Gallup Municipal Airport is an airport in Gallup in McKinley County, New Mexico, United States, 3 mi southwest of the city center.

The airport is on Historic Hwy 66. The FBO is Gallup Flying Service; Gallup Med Flight operates Critical Care Air Transport Air Ambulance service.

== Facilities==
The airport covers 359 acre at an elevation of 6,472 feet (1,973 m); its one runway, 6/24, is 7,316 by 100 feet (2,230 x 30 m) asphalt.

In the year ending March 31, 2009 the airport had 4,643 aircraft operations, average 12 per day: 58% air taxi, 26% general aviation, 12% airline and 4% military. 23 aircraft were then based at this airport: 57% single-engine and 43% multi-engine.

== Historical airline service ==
Gallup has been served by many airlines since the late 1940s. The first was Monarch Airlines which provided Douglas DC-3 flights to Albuquerque and to Salt Lake City with several stops. In 1950 Monarch Airlines merged with two other carriers to become Frontier Airlines. Frontier added flights to Denver and Phoenix, each making several stops en route, and upgraded to larger 50-seat aircraft during the 1960s with the Convair 340 followed by the Convair 580. Frontier's service continued until 1981 when the carrier went to an all jet aircraft fleet and ended service to all their smaller cities.
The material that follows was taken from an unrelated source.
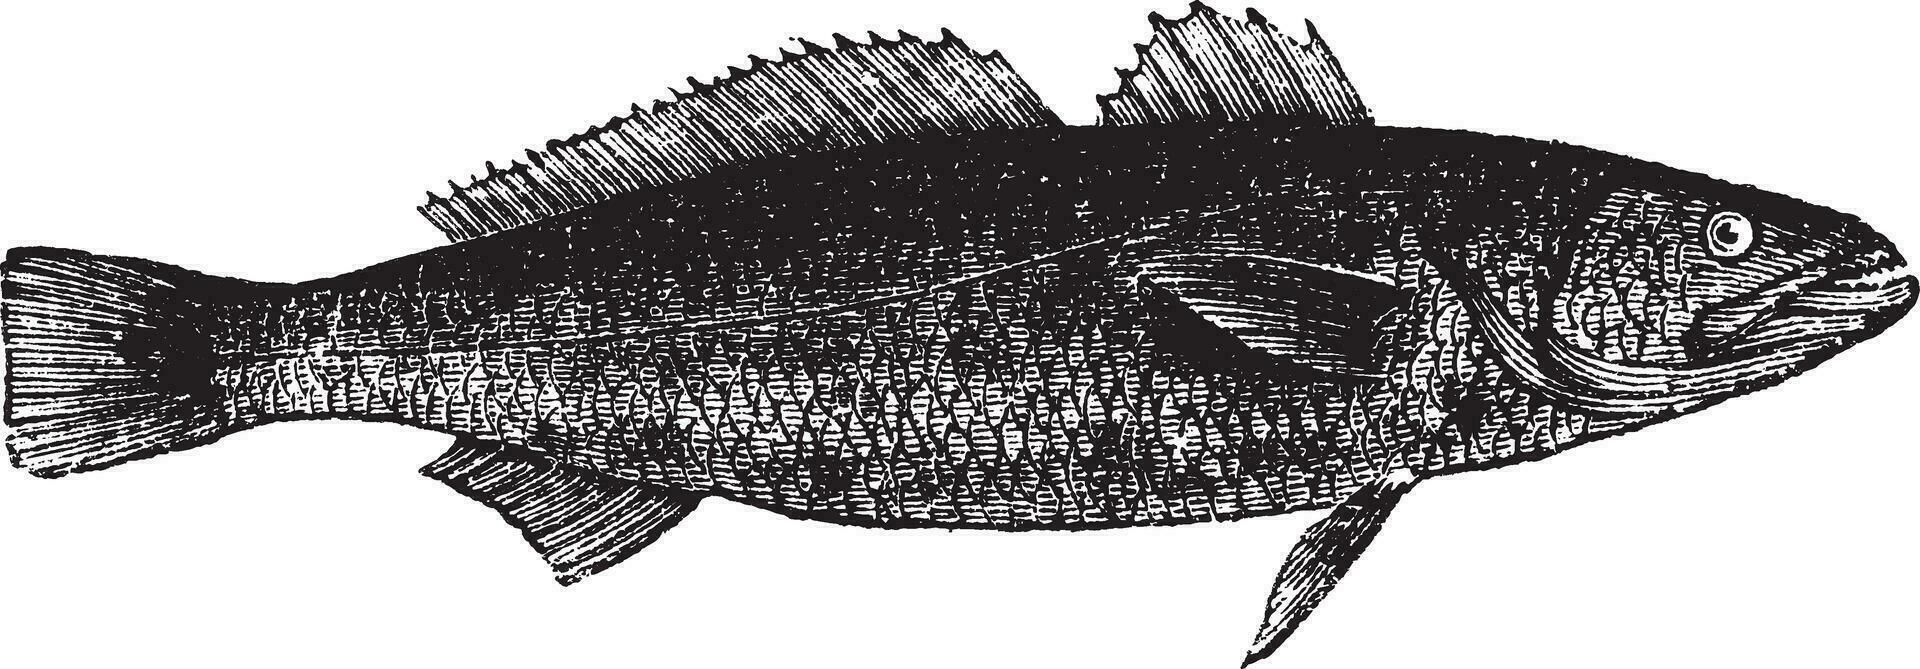 otolitos ruber o Tigre dentado corvina pez, Clásico grabado vector

Meanwhile, several commuter carriers began serving Gallup; Cochise Airlines came in 1979 followed by Desert Airlines in 1980, each with flights to Phoenix making several stops. Sun West Airlines began service later in 1980 with flights to Albuquerque as well as Phoenix using Piper Navajo aircraft and later upgrading with Beechcraft 99s. Their service continued into 1985 at which time Mesa Airlines began operating on the same routes also using Beech 99's. Mesa ended their Albuquerque flights in 1989 and the Phoenix flights became America West Express in 1992 operating as a feeder for America West Airlines using Beechcraft 1900D airliners. The Phoenix service thrived with the major airline code-share and as many as seven flights per day were operated. Mesa/America West Express also added a larger 30-seat Embraer 120 Brasilia aircraft to its schedule for a brief time in 1994.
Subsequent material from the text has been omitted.